Competitive Landscape

vs. Together AI: Together AI offers a broader platform (pre-training, research) with newer hardware (GB200/GB300). Baseten wins on compliance and GPU breadth.

vs. Fireworks AI: Fireworks focuses on speed optimization. Baseten offers broader GPU options and stronger compliance posture.

vs. Modal: Modal is more general-purpose (any Python workload). Baseten is purpose-built for model serving with better model-specific tooling.

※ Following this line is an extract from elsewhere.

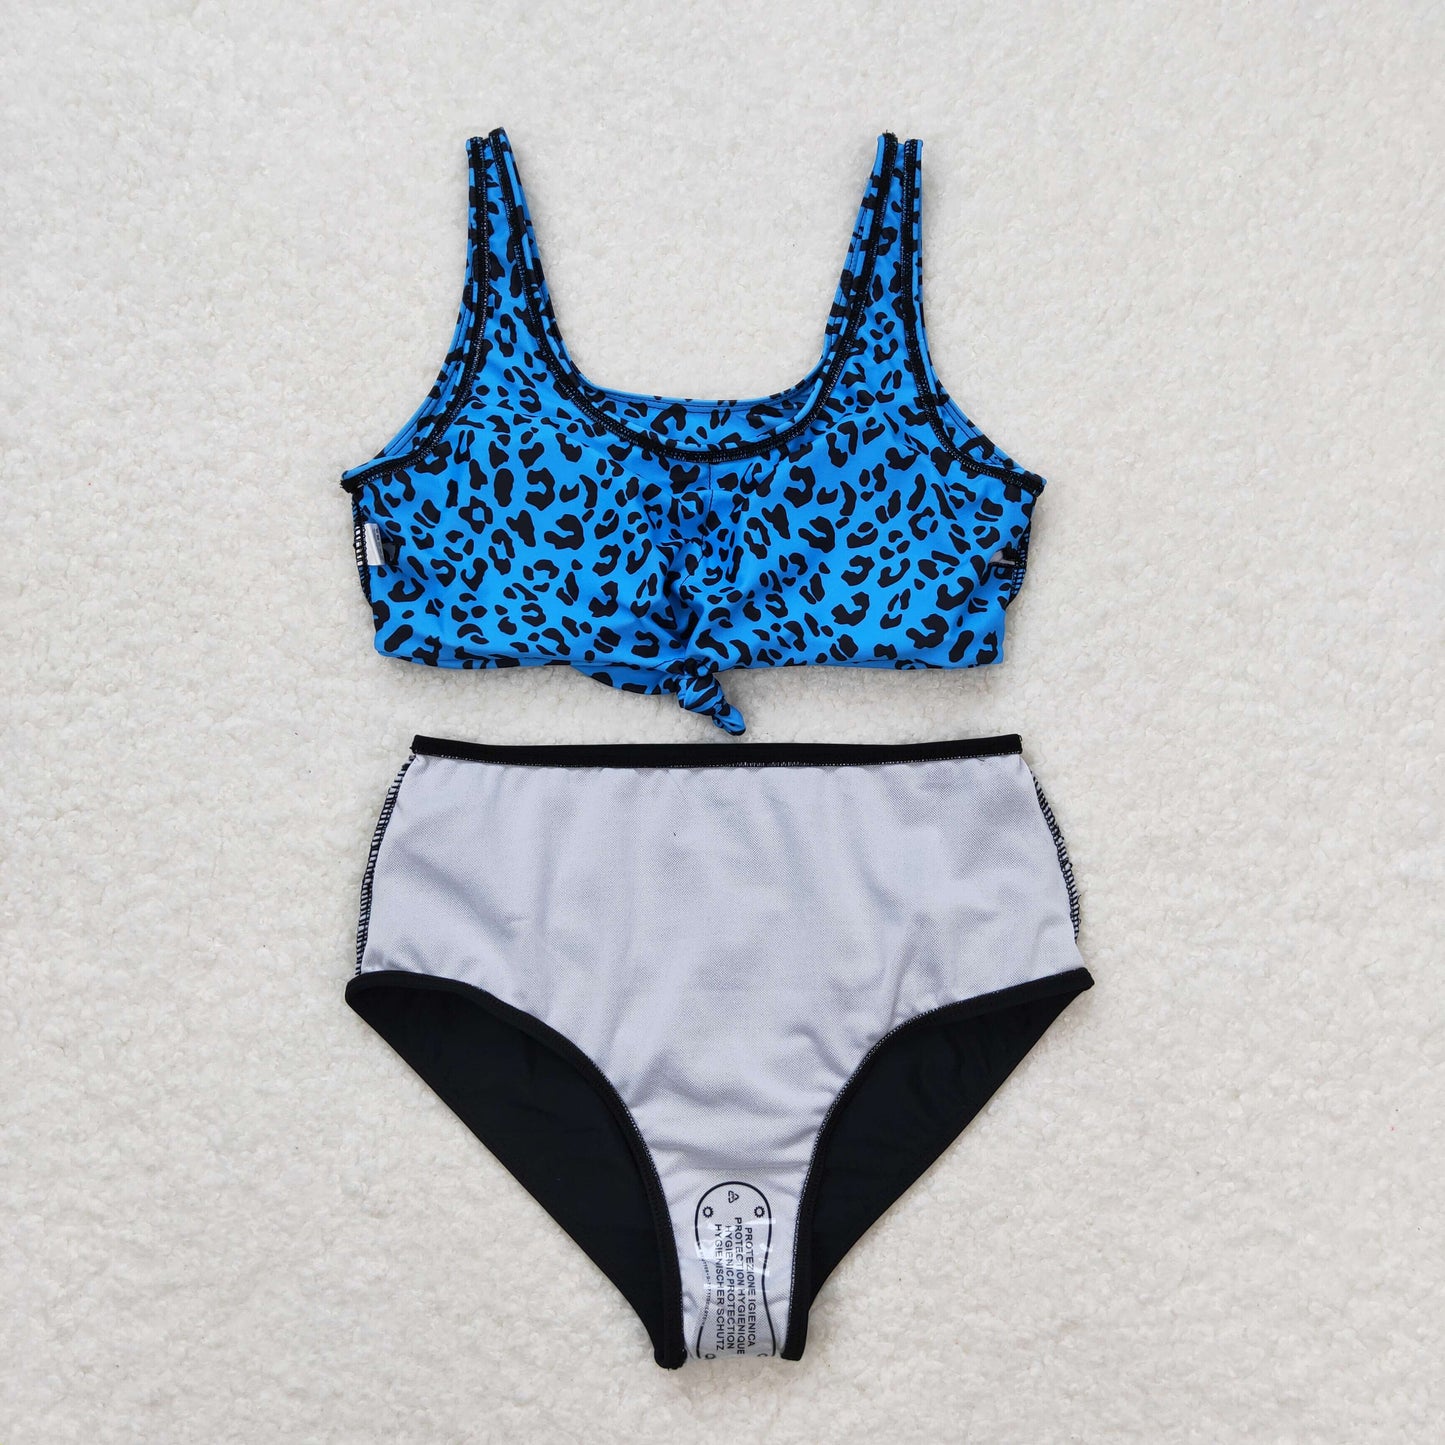 S0290 Adult leopard print blue and black swimsuit set

vs. Replicate: Replicate is simpler but offers less control. Baseten targets teams with custom models and enterprise requirements.

Ideal User

  • Enterprise ML teams deploying custom models with compliance requirements
  • Companies needing broad GPU selection for different model sizes
  • Teams wanting open-source tooling (Truss) without vendor lock-in
  • Organizations requiring HIPAA-compliant AI inference

Bottom Line

Baseten is the enterprise play in AI inference — strong compliance, broad GPU support, and hands-on engineering support. The $5B valuation and NVIDIA backing signal confidence in the custom model deployment market. Best suited for teams that have moved past API wrappers and need production-grade infrastructure for their own models.